An Estimator wraps run configuration information for specifying details of executing an R script. Running an Estimator experiment (using submit_experiment()) will return a ScriptRun object and execute your training script on the specified compute target.

To define the environment to use for training, you can either directly provide the environment-related parameters (e.g. cran_packages, custom_docker_image) to estimator(), or you can provide an Environment object to the environment parameter. For more information on the predefined Docker images that are used for training if custom_docker_image is not specified, see the documentation here.

estimator(
  source_directory,
  compute_target = NULL,
  vm_size = NULL,
  vm_priority = NULL,
  entry_script = NULL,
  script_params = NULL,
  cran_packages = NULL,
  github_packages = NULL,
  custom_url_packages = NULL,
  custom_docker_image = NULL,
  image_registry_details = NULL,
  use_gpu = FALSE,
  environment_variables = NULL,
  shm_size = NULL,
  max_run_duration_seconds = NULL,
  environment = NULL,
  inputs = NULL
)

Arguments

source_directory

A string of the local directory containing experiment configuration and code files needed for the training job.

compute_target

The AmlCompute object for the compute target where training will happen.

vm_size

A string of the VM size of the compute target that will be created for the training job.

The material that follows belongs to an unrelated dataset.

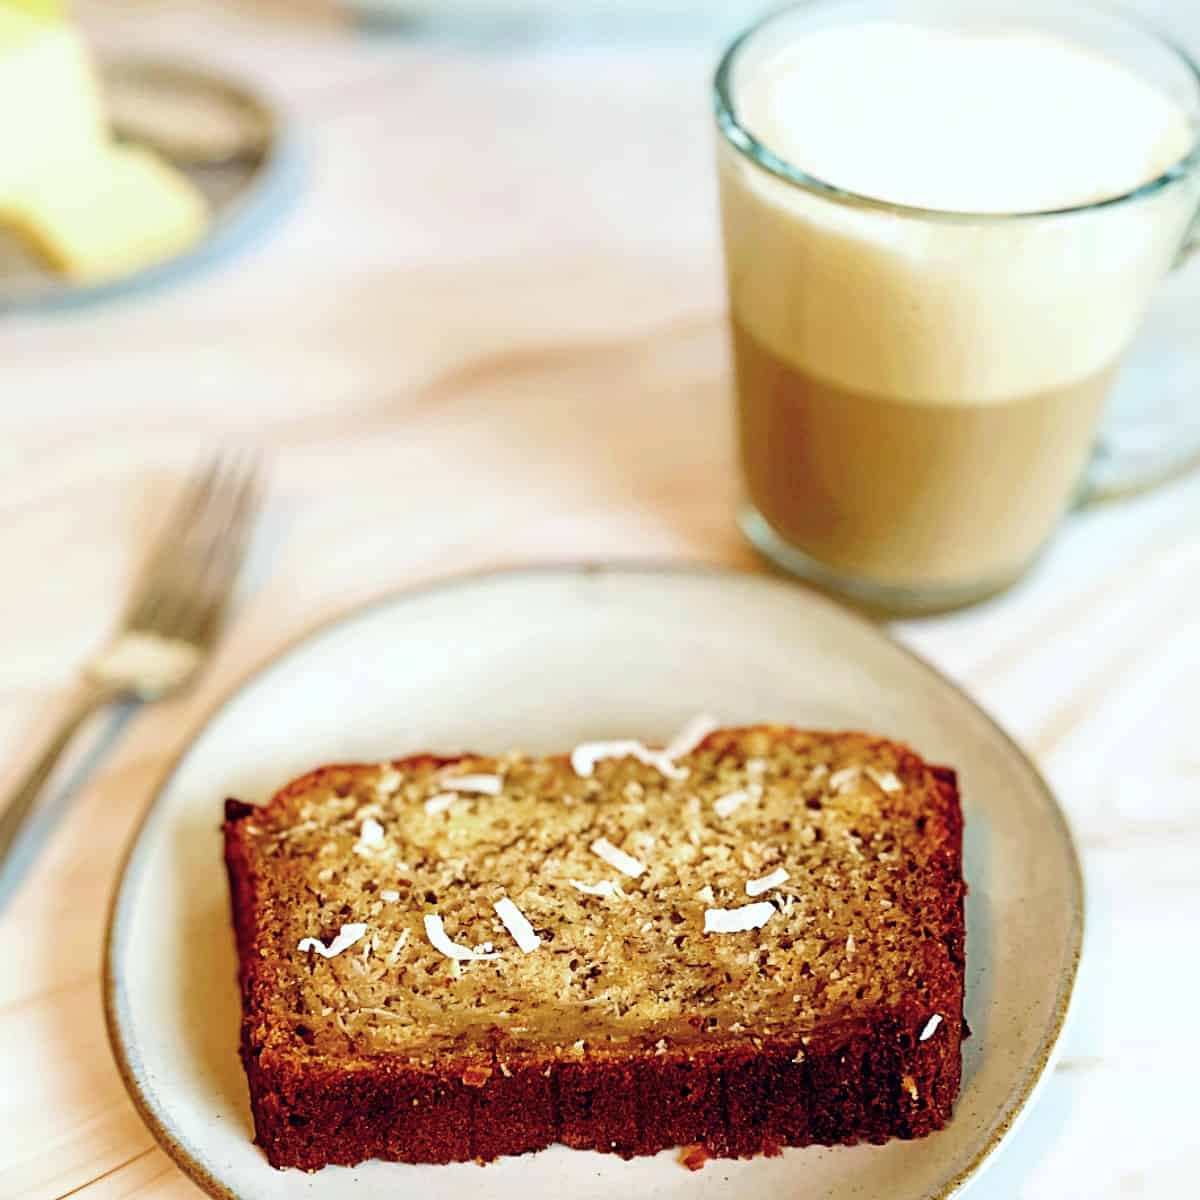 slice of banana bread and a latte
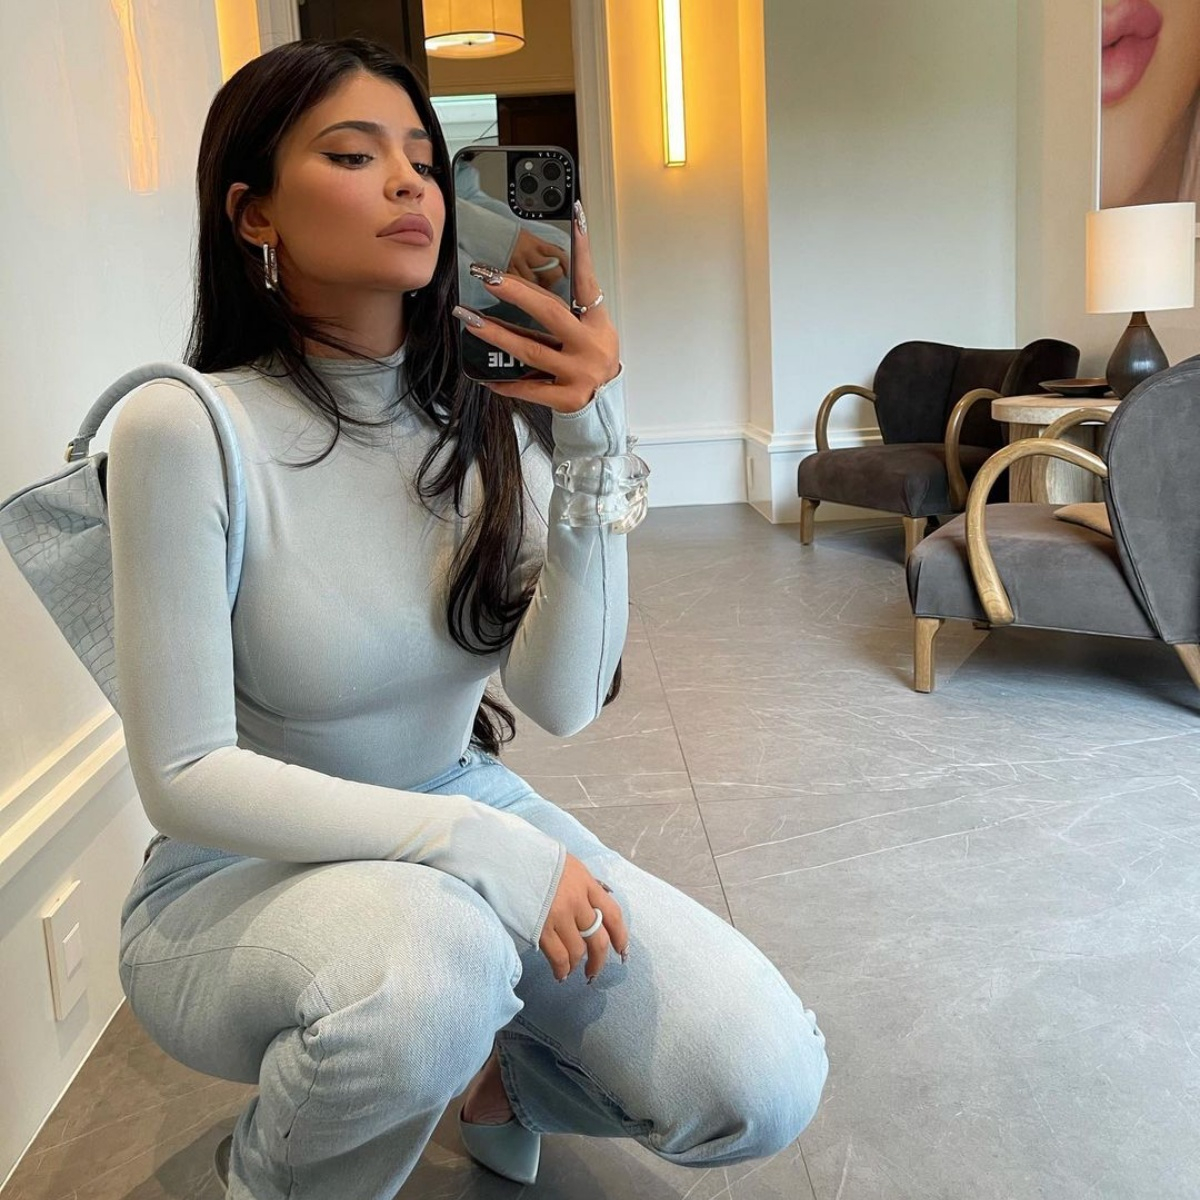 Kylie Jenner's Surprise Photo Dump May Include Her Wildest Look Yet

The list of available VM sizes are listed here. Provide this parameter if you want to create AmlCompute as the compute target at run time, instead of providing an existing cluster to the compute_target parameter. If vm_size is specified, a single-node cluster is automatically created for your run and is deleted automatically once the run completes.

vm_priority

A string of either 'dedicated' or 'lowpriority' to specify the VM priority of the compute target that will be created for the training job. Defaults to 'dedicated'. This takes effect only when the vm_size parameter is specified.

entry_script

A string representing the relative path to the file used to start training.

script_params

A named list of the command-line arguments to pass to the training script specified in entry_script.

cran_packages

A list of cran_package objects to be installed.

github_packages

A list of github_package objects to be installed.

custom_url_packages

A character vector of packages to be installed from local directory or custom URL.

custom_docker_image

A string of the name of the Docker image from which the image to use for training will be built. If not set, a predefined image will be used as the base image. To use an image from a private Docker repository, you will also have to specify the image_registry_details parameter.

image_registry_details

A ContainerRegistry object of the details of the Docker image registry for the custom Docker image.

use_gpu

Indicates whether the environment to run the experiment should support GPUs. If TRUE, a predefined GPU-based Docker image will be used in the environment. If FALSE, a predefined CPU-based image will be used. Predefined Docker images (CPU or GPU) will only be used if the custom_docker_image parameter is not set.

environment_variables

A named list of environment variables names and values. These environment variables are set on the process where the user script is being executed.

shm_size

A string for the size of the Docker container's shared memory block. For more information, see Docker run reference. If not set, a default value of '2g' is used.

max_run_duration_seconds

An integer of the maximum allowed time for the run. Azure ML will attempt to automatically cancel the run if it takes longer than this value.

environment

The Environment object that configures the R environment where the experiment is executed. This parameter is mutually exclusive with the other environment-related parameters custom_docker_image , image_registry_details, use_gpu, environment_variables, shm_size, cran_packages, github_packages, and custom_url_packages and if set will take precedence over those parameters.

inputs

A list of DataReference objects or DatasetConsumptionConfig objects to use as input.

Value

The Estimator object.

Examples

r_env <- r_environment(name = "r-env",
                       cran_packages = list(cran_package("dplyr"),
                                            cran_package("ggplot2")))
est <- estimator(source_directory = ".",
                 entry_script = "train.R",
                 compute_target = compute_target,
                 environment = r_env)

See also

r_environment(), container_registry(), submit_experiment(), dataset_consumption_config(), cran_package()